[antlr-interest] Python target v3 unicode problems

Thu Sep 13 14:55:43 PDT 2007

Hi,

On 9/13/07, Benjamin Niemann <pink at odahoda.de> wrote:
> You must feed unicode data into the lexer. So if you are using
> ANTLRFileStream, use something like
>   ANTLRFileStream(path, encoding='utf-8')

I tried this, now I can successfully load the strings thanks. However,
they seem to be somehow wrong after the parse. Here is my doctest:

    >>> unicode_str = u'author : "Viðar Svansson" ; '
    >>> tree = transform(unicode_str,SymbolTable(), Decorator, Linker)
    >>> tree
    {u'author' : u'Viðar Svansson'}

Here, the transform function scans, and parses the string.
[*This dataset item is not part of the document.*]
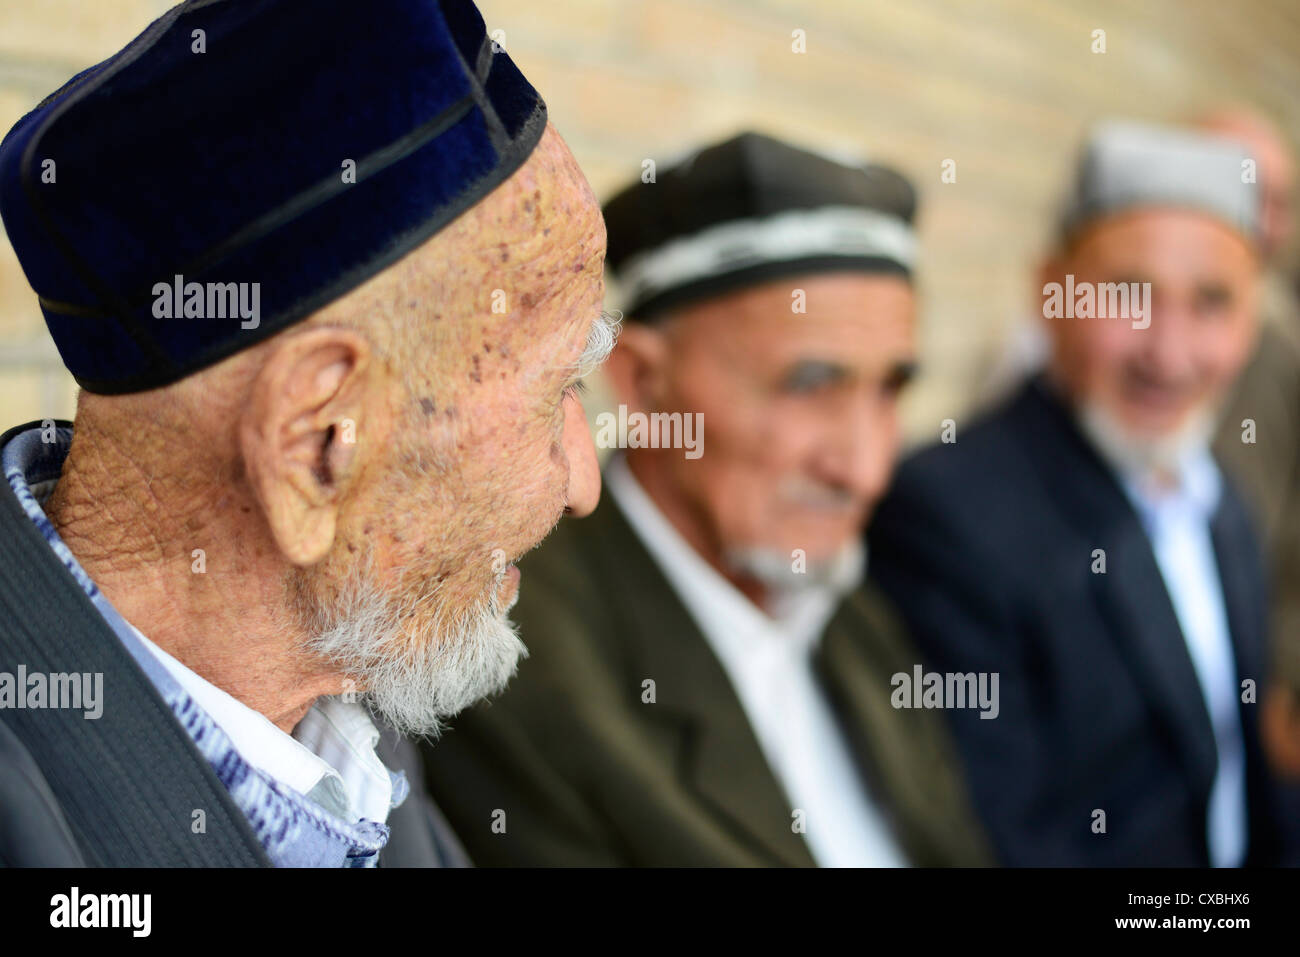 Elderly Tajik men ( from Uzbekistan) in an old neighborhood in Samarkand. Stock Photo
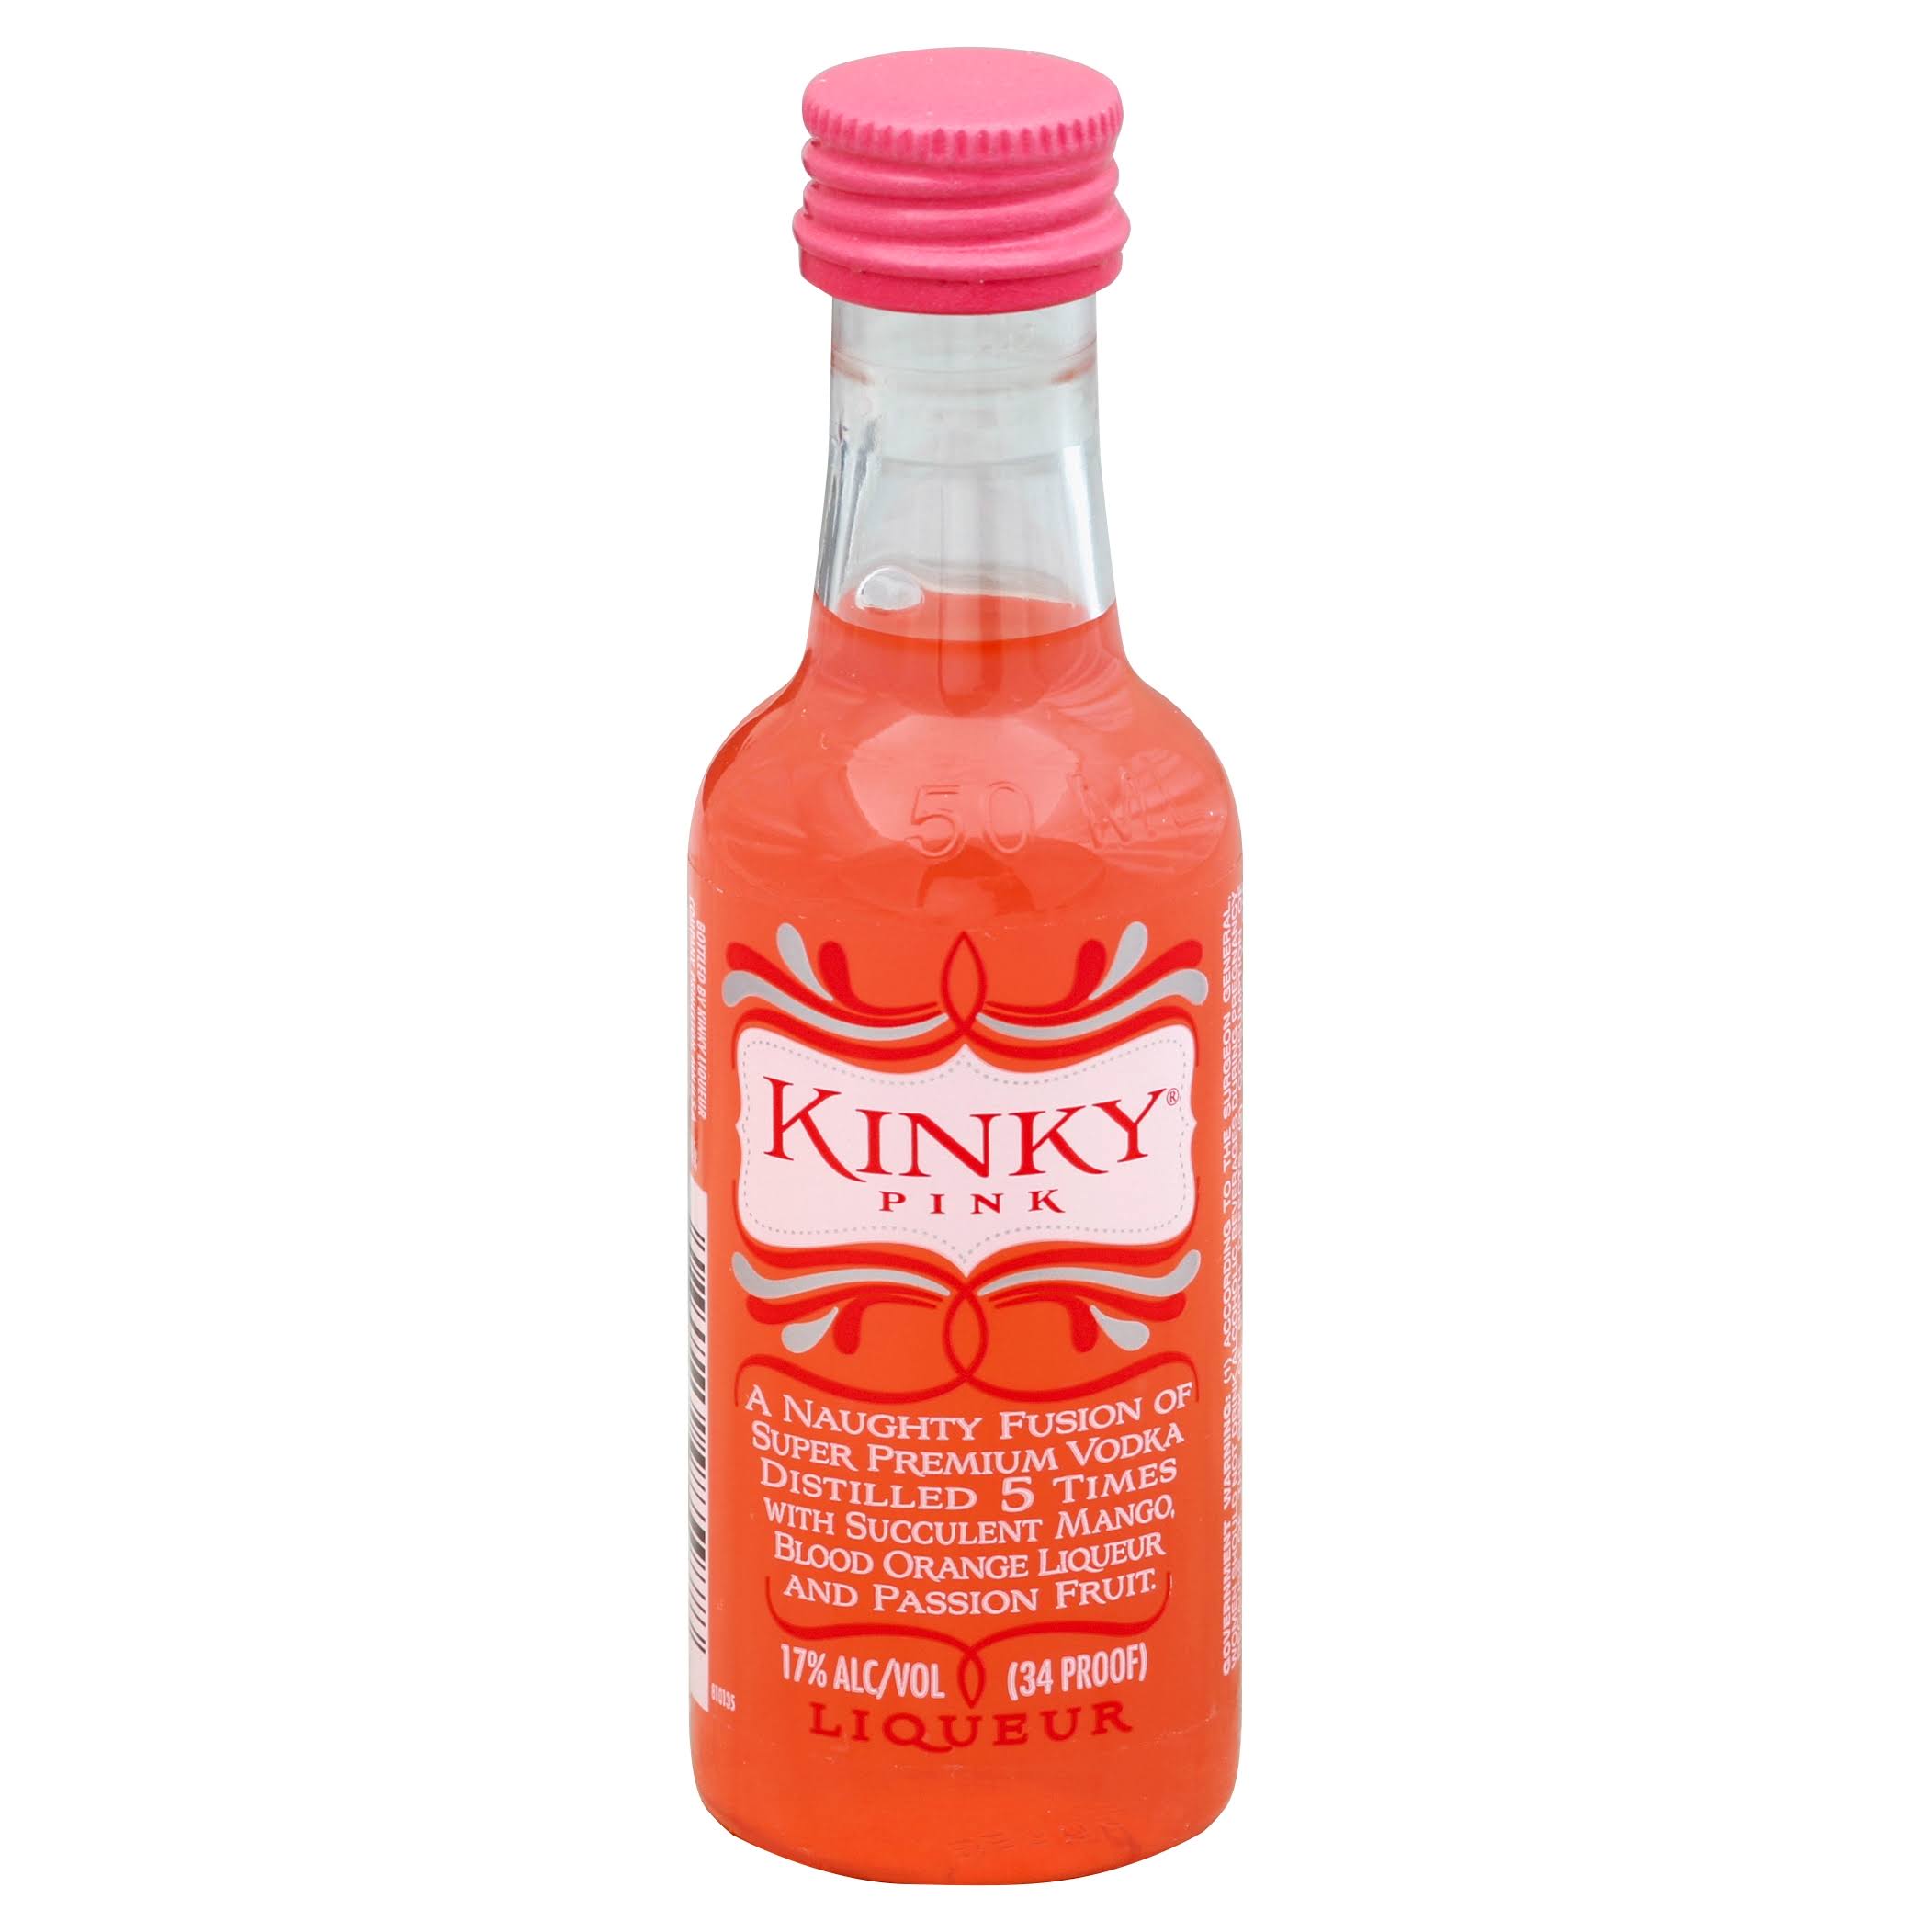 Kinky Liqueur, Green - 750 ml

Before I
used ANTLRFileStream(path, encoding='utf-8'), it would fail on the
scanning. Now the lexer works but the test fails in the end with this
output:

Failed example:
    tree
Expected:
    {u'author' : u'Viðar Svansson'}
Got:
    {u'author': u'Vi\xc3\xb0ar Svansson'}

I am not sure what is wrong here, never seen seen hex values inside a
unicode encoding string. Any ideas?

Viðar